Vassilenko, a former senior official in the Kazakhstani foreign ministry, explained that Kazakhstan supports peaceful nuclear energy programs provided that they proceeded only in strict compliance with all IAEA requirements, such as openness and transparency. He added that Kazakhstan had a strong interest in a successful outcome of the negotiations. Vassilenko explained that a "stabilization of the situation in a large region depends on them" and that "Iran is our [Kazakhstan's] neighbor across the Caspian Sea; we have dynamically developing trade and economic relations and a high-level political dialogue that is maintained on a regular basis" (Tengrinews, February 25).

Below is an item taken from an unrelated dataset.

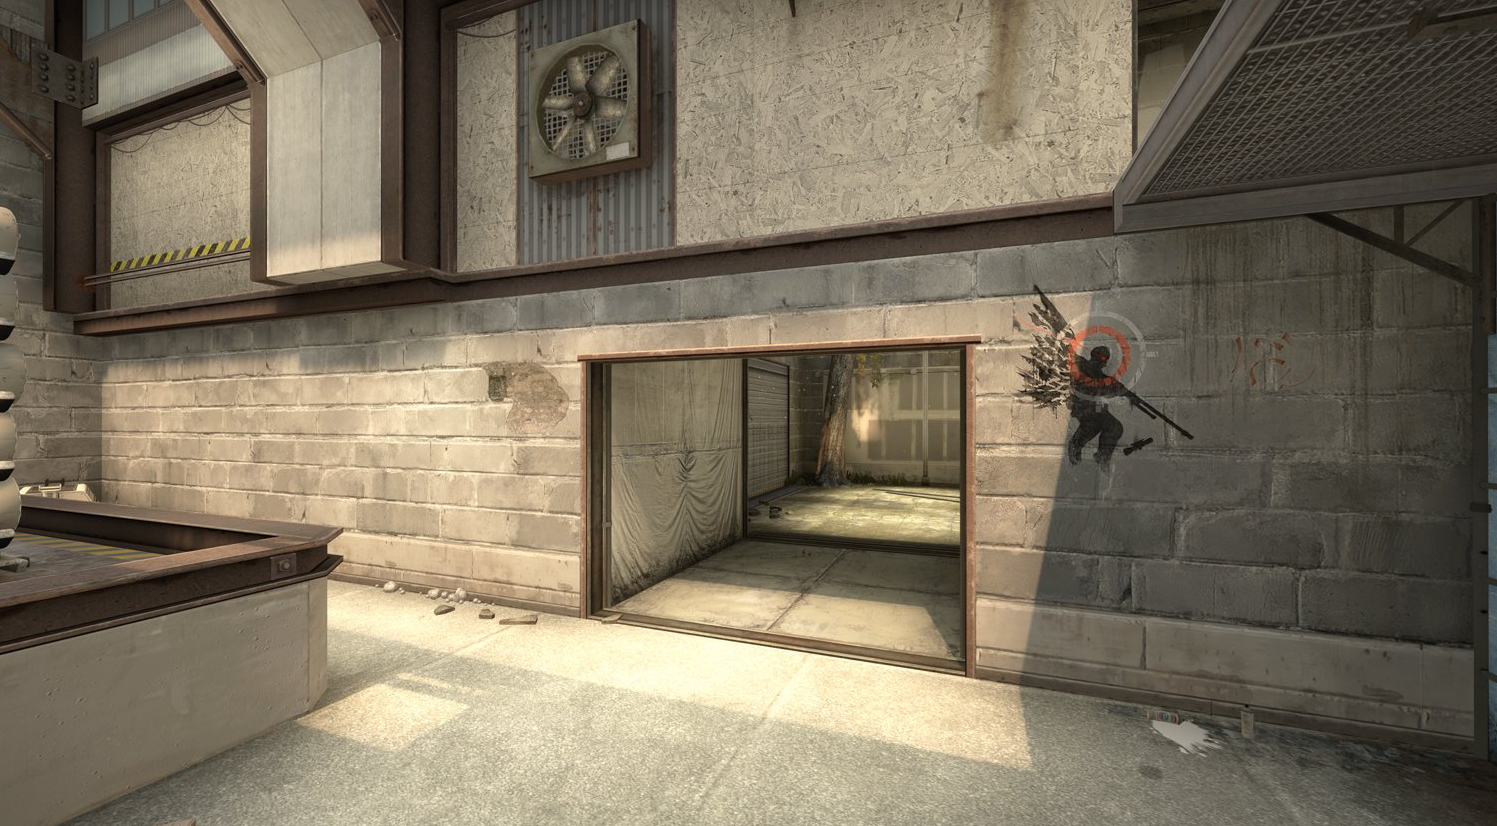 Counter-Strike Pro Gets Best Play Tattooed On His Own Body

Former Kazakhstani Foreign Minister Kanat Saudabayev said that the outcome represented "an important step in building trust and understanding between the parties and in enhancing an awareness of the need to solve problems by peaceful, diplomatic means." Saudabayev, who is now Chairman of the Commission on weapons of mass destruction nonproliferation under the president, added that, "Even a little progress in this complex negotiation process should please us all." He expressed that Kazakhstan "has established all the conditions" to make further progress, which is why the next round of political negotiations will occur in Almaty (Zakon, February 27).

Kazakhstan's official role during this meeting and in subsequent rounds is essentially administrative, ensuring that all logistical arrangements work well and are conducive toward reaching an agreement. Yet, not many countries can fulfill this function. Iran and the other powers were unable to reach an agreement for months on where to resume their on-again, off-again talks. Since Iran and the United States have not had direct diplomatic relations since 1980, the selection of a neutral host country acceptable to both sides has become an important consideration in staging talks. Experts assessed that Kazakhstan was a logical venue for the talks given that country's desire to promote understanding and cooperation between different regions, cultures, religions and other entities. Kazakhstan enjoys good ties with Iran and with the six major powers negotiating with Tehran on the nuclear issue.